May 25
2022
Join award-winning authors Michelle Berry, Frank Flynn, Charlie Petch, Kate Story, and PJ Thomas for an intimate evening of reading and conversation.
Award-winning author Michelle Berry (appearing on video for this reading) is the author
of three books of short stories and six novels, most recently the gripping Everything
Turns Away. Her short story collection I Still Don’t Even Know You won the 2011 Mary Scorer Award for Best Book Published by a Manitoba Publisher and was shortlisted for a 2011 ReLit Award, and her novel This Book Will Not Save Your Life won the 2010 Colophon Award and was longlisted for the 2011 ReLit Award. Her writing has been optioned for film and published in the UK.
Local playwright and choreographer Frank Flynn’s debut novel Songs of the Sabbath is set in the late 1930s and early 1940s, weaving a compelling story of faith, hope, and the indomitable human spirit. His theatre productions have been performed in Canada, the United States, Britain, New Zealand, and South Korea, his plays published by Lazy Bee Scripts in Southampton, England, and his choreography productions have appeared in the 4th Line Digital Festival of Light and Dark, Art for Awareness, and the Small Dance for Small Space Festival at The Theatre on King.
Charlie Petch is an award-winning transmasculine multidisciplinary artist, mentor, keynote speaker, film/theatre lighting designer, sound tech & entertainer. Their new full-length poetry book Why I Was Late; is winner of the 2022 ReLit Award for Poetry. With kitchen-table candor and empathy, this stunning debut collection of poems offers witness to a decades-long trans/personal coming of age, finding heroes in unexpected places.

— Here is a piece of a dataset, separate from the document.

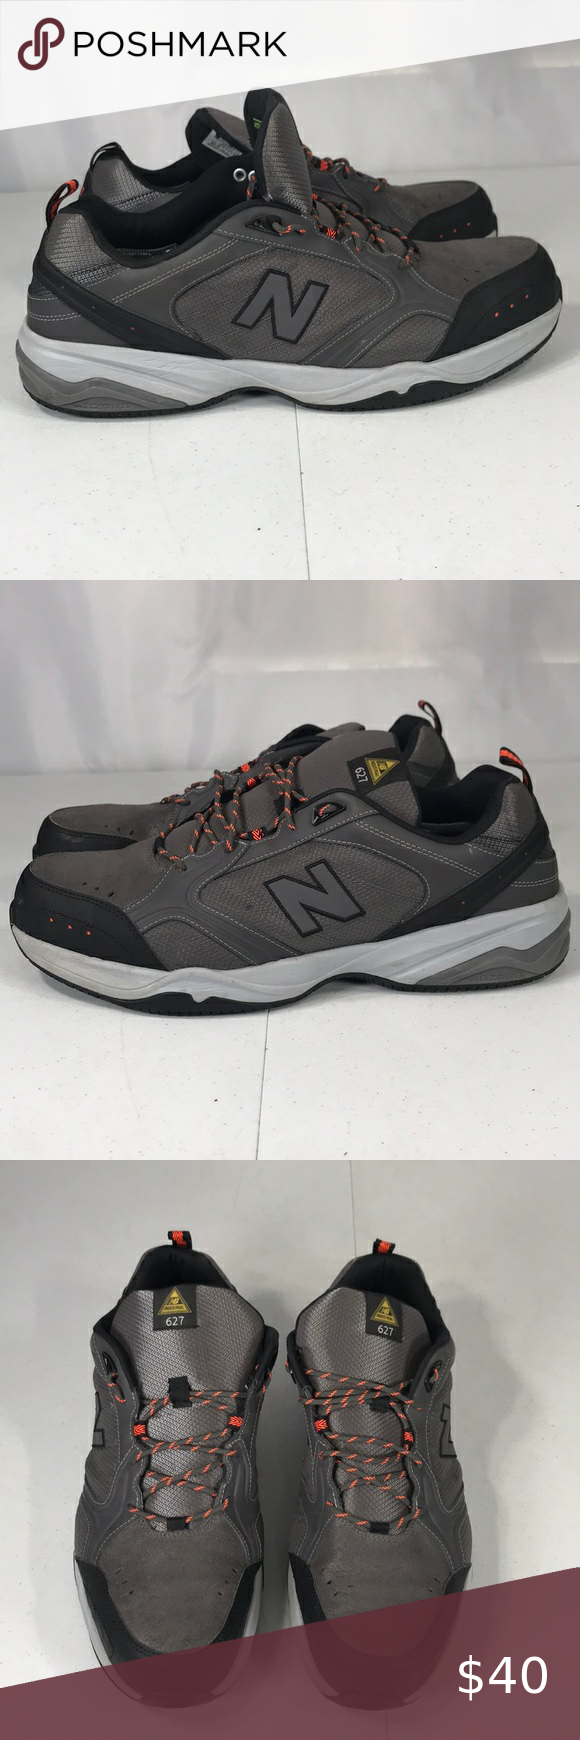 New balance industrial 627 steel toe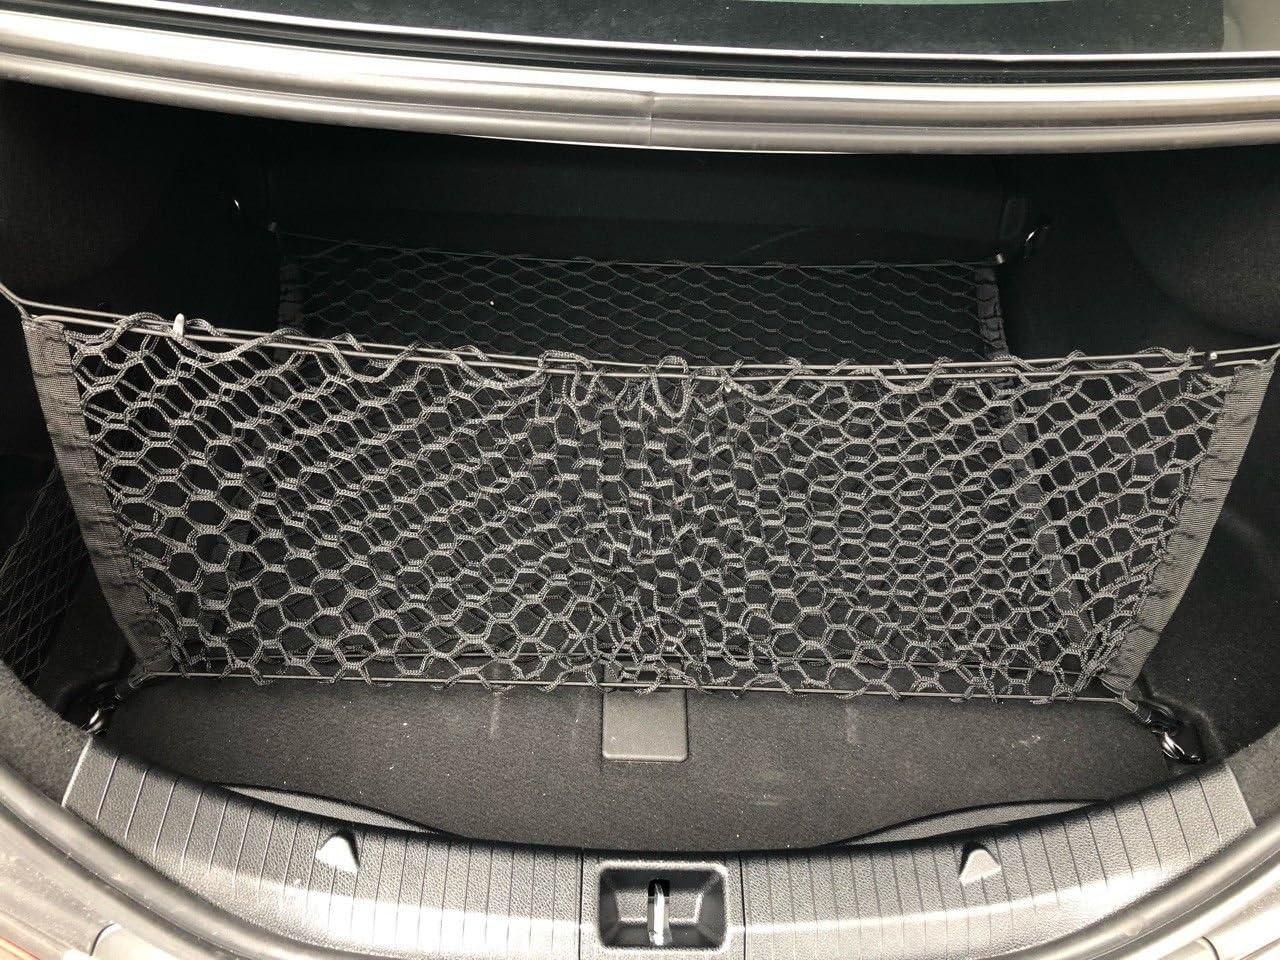 TrunkNets Inc Floor Style Trunk Cargo Net for MERCEDES BENZ CLA180 CLA200 CLA250 CLA45 AMG 2013 14 15 16 17 18 2019 NEW

Kate Story is an award-winning genderqueer writer and theatre artist. Her latest novel, Urchin, mixes H.G. Wells and Guglielmo Marconi on the south side of St. John’s. Ranked by CBC as one of 22 Canadian YA books to watch out for; top 2022 selection by Top Grade: CanLit for the Classroom; listed in the Globe and Mail’s Children’s Book Gift Guide; highly recommended by the Association of Canadian Independent Booksellers.
Urchin was reviewed by Lisa Moore as:
“…electric with magic, glittering language, and high-wire tension… Here’s a queer, ultra-modern, historic St. John’s, where scientific advancement smacks up against potent magic and ancient lore. Sparks fly. Prepare to be zapped with high-voltage suspense and megawatts of fun. Prepare to be spellbound.”
PJ Thomas is a settler who was born and raised on Lake Ontario. She is a senior emerging poet who published her first book of poetry, Undertow, in October 2020. Thomas also writes lyrics, and three of her songs appear on the 2021 Juno-nominated album, Solar Powered Too. Her poetry appears in the 2022 Bill Bissett anthology, Poemdemic, and has been published in the River Magazine, the Arthur Newspaper, and by the Poet Laureate of Cobourg in the online publication, Poetry Present. Ms. Thomas makes her home with her beloved cat by the Otonabee River.